- [ACTIVITY]
Starting from the line with "Somatic Academy Logo" and going up to and including the line with "LPA - Tan Scoop", copy the listing below exactly. Leave all images out.

- [EXTRACTED RECORDS]
++++++++++++++++++++

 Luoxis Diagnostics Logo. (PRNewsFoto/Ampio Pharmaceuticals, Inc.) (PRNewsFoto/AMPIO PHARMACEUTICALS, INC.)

++++++++++++++++++++

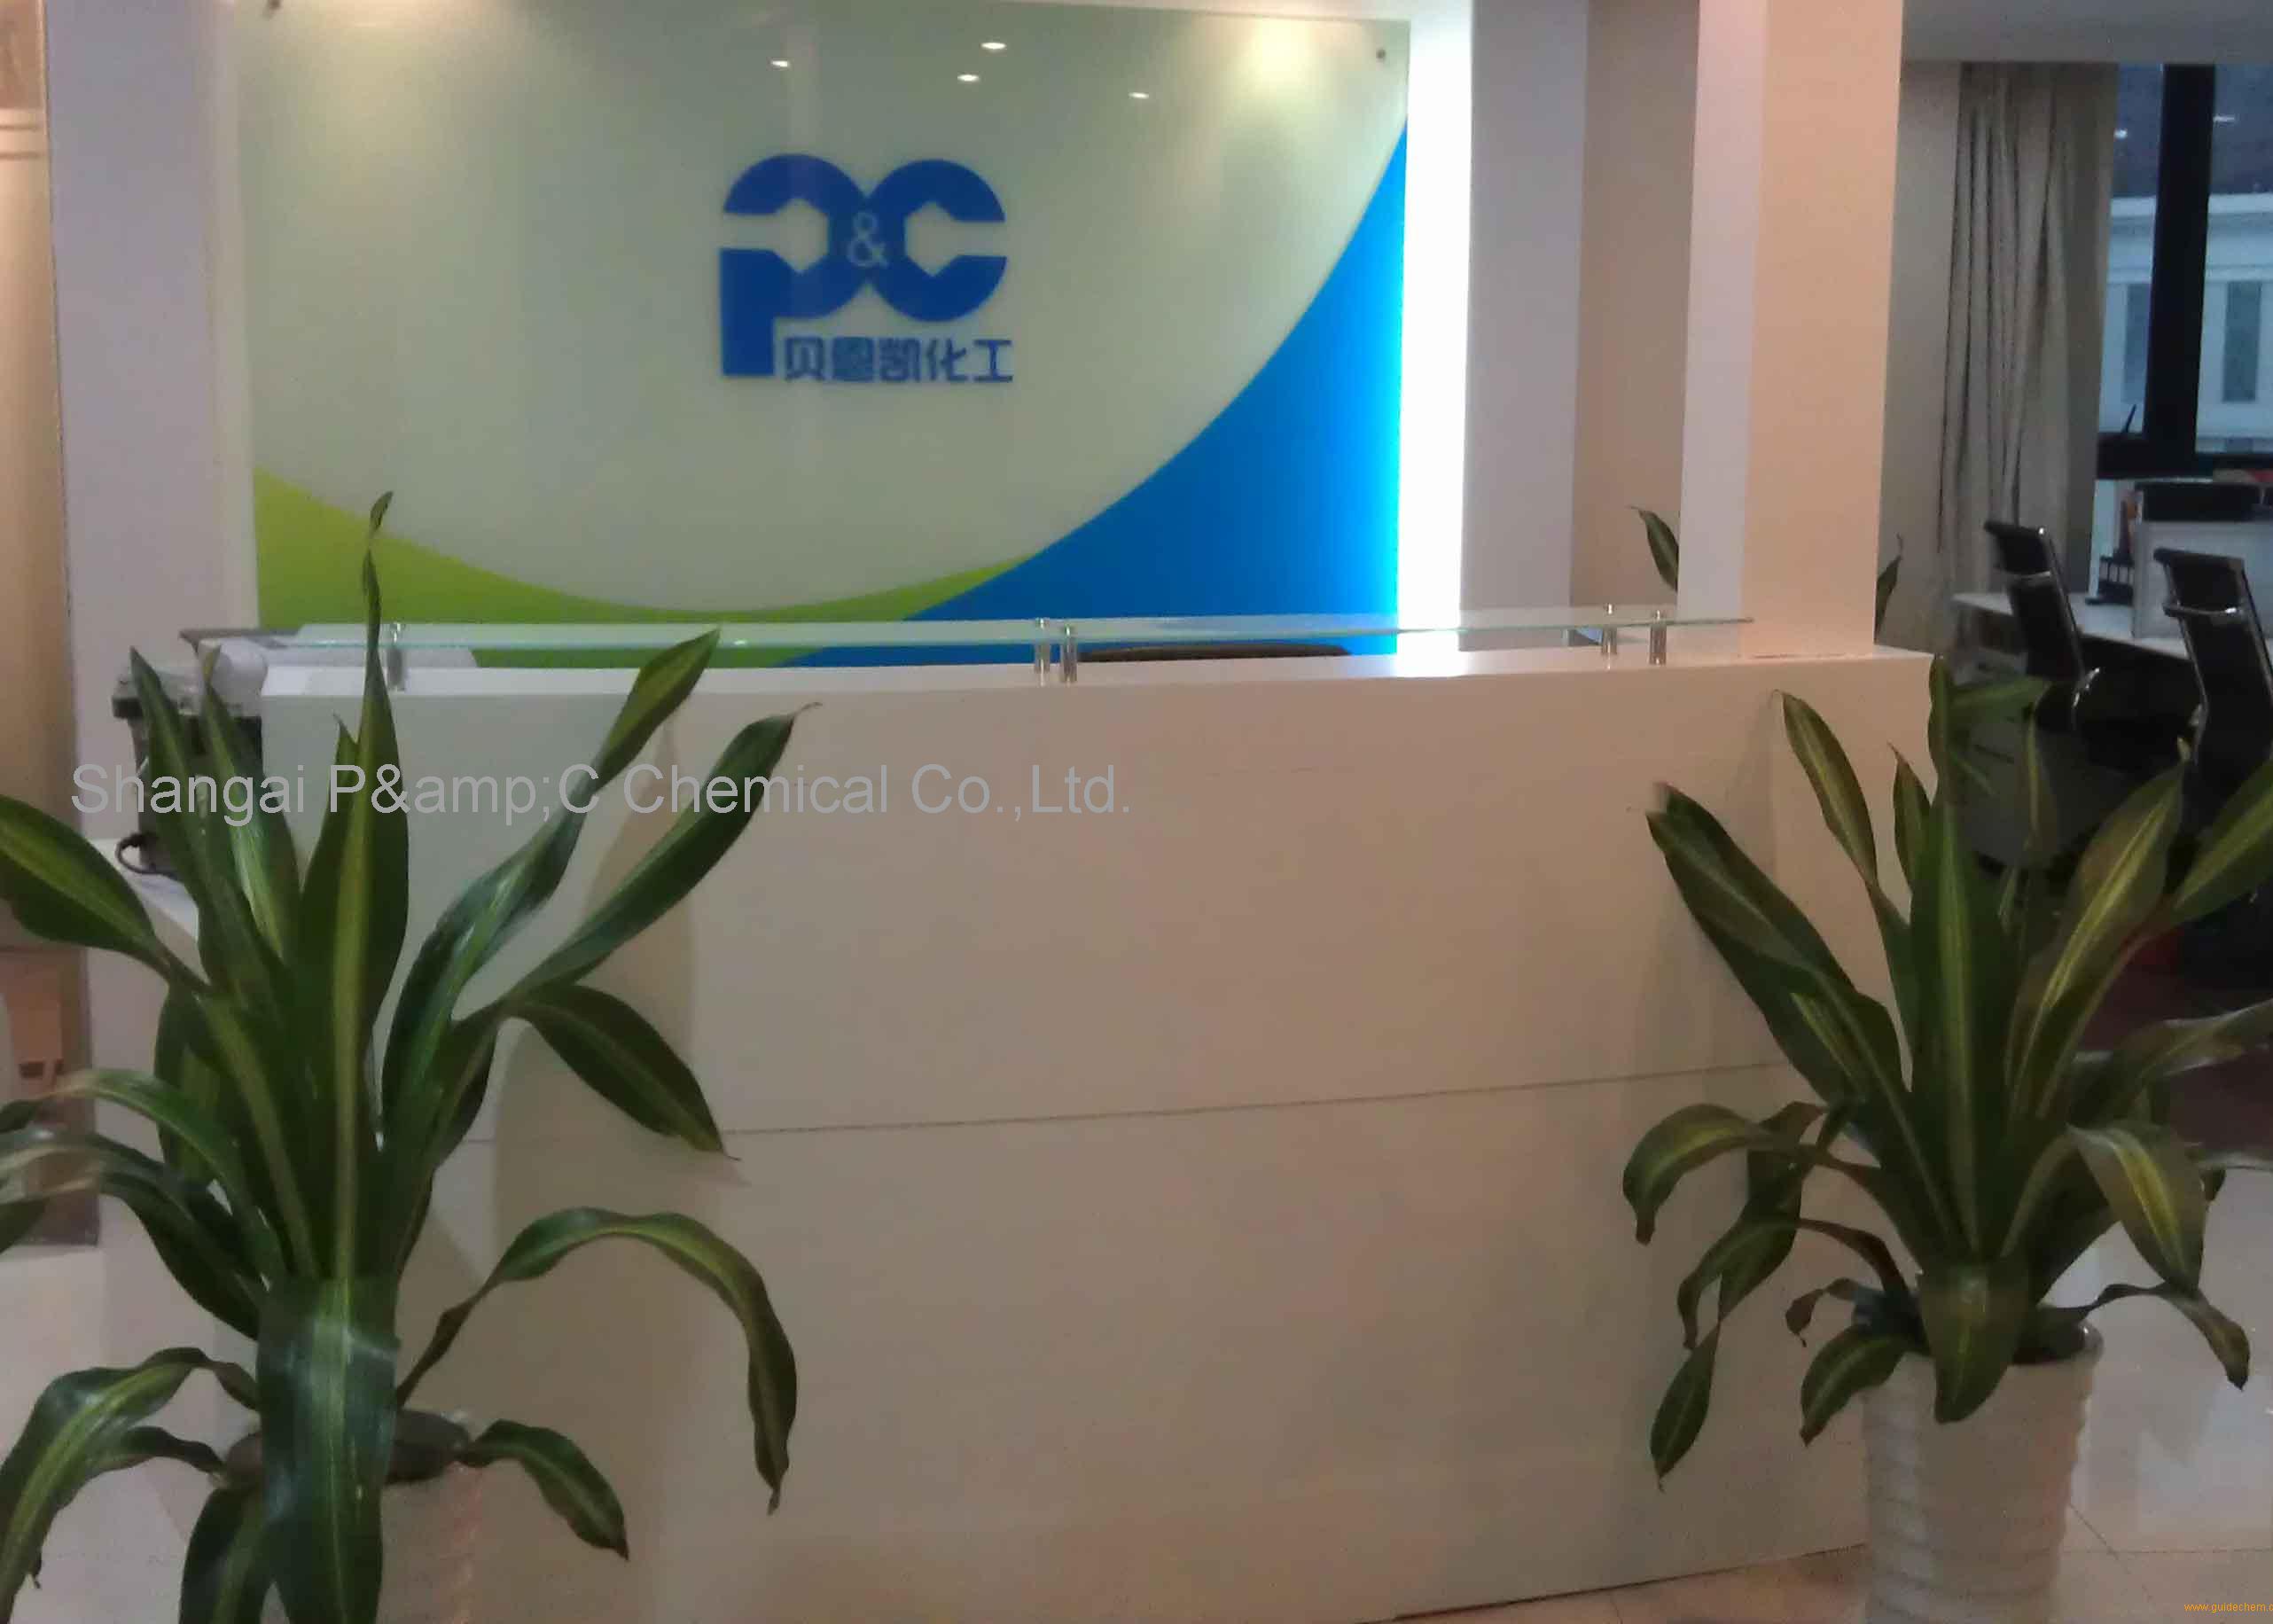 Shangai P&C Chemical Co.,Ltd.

++++++++++++++++++++

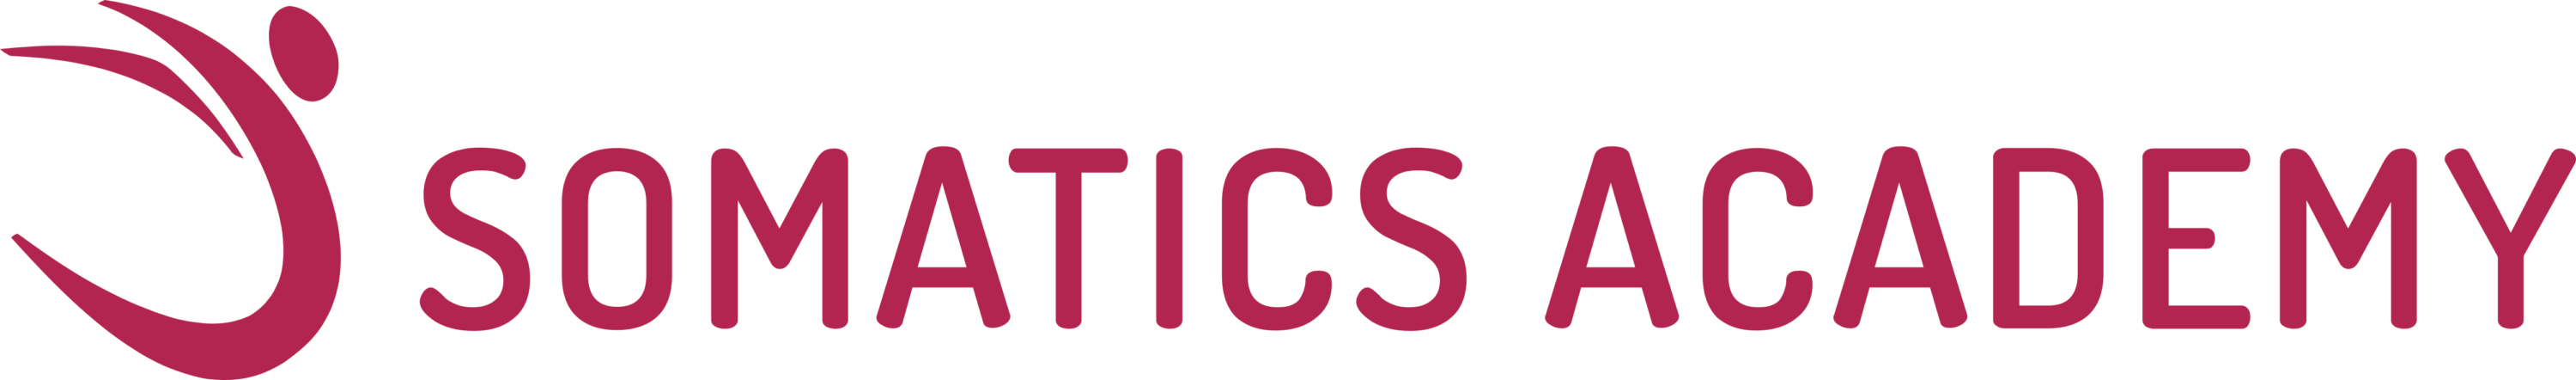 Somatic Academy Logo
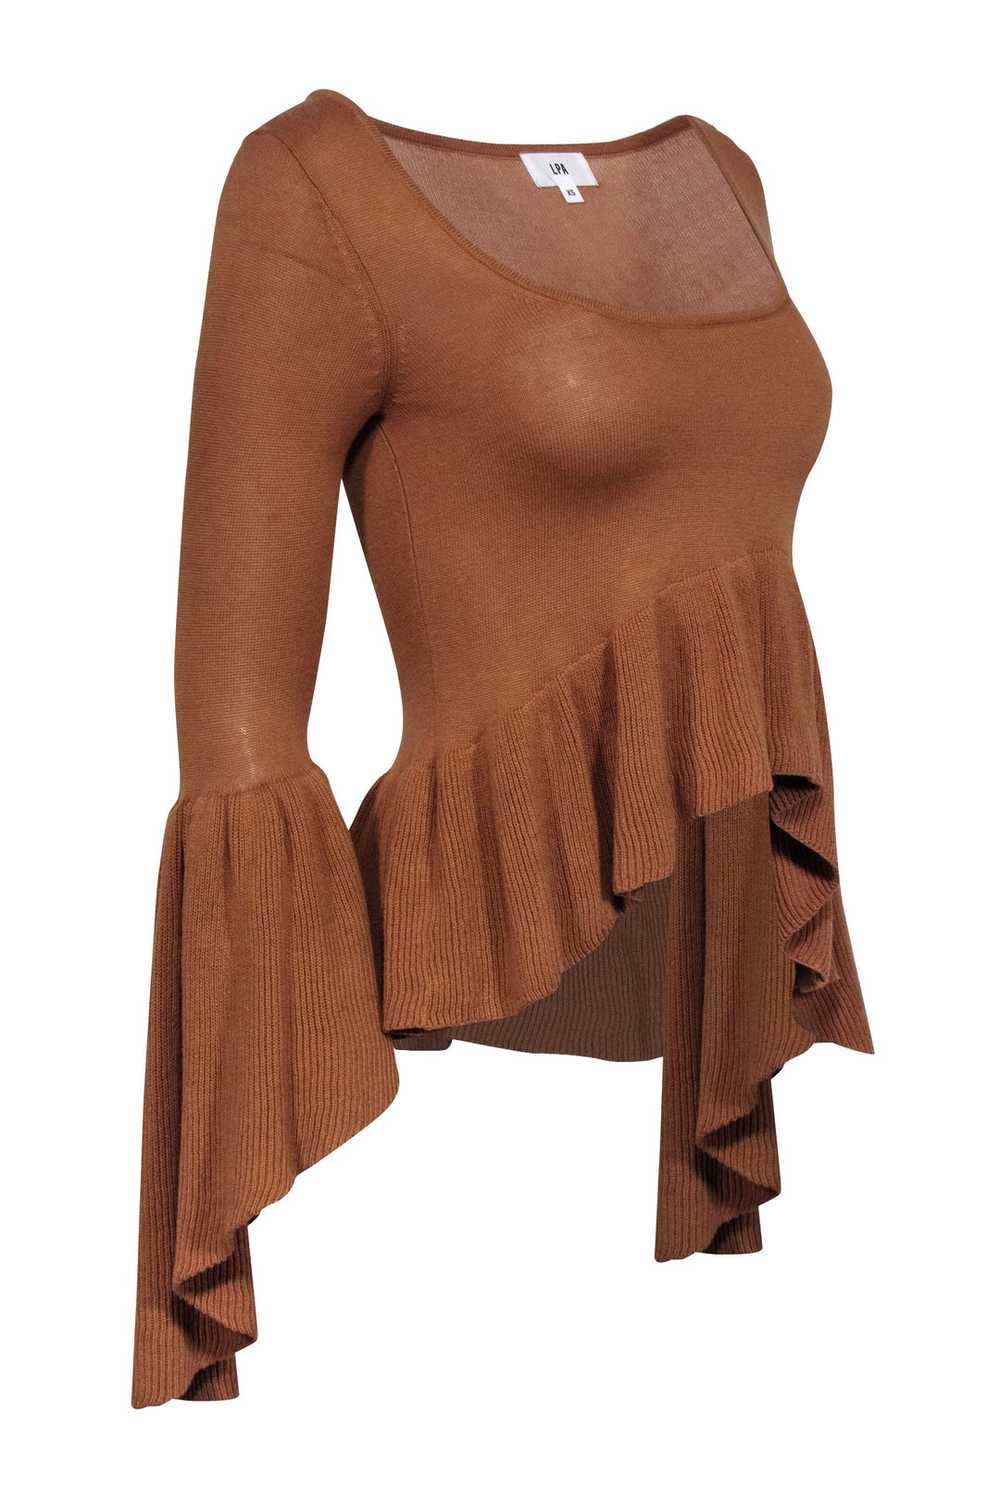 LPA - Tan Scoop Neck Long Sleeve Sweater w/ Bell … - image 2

++++++++++++++++++++

- [THE ANSWER]
 Somatic Academy Logo
 LPA - Tan Scoop Neck Long Sleeve Sweater w/ Bell … - image 2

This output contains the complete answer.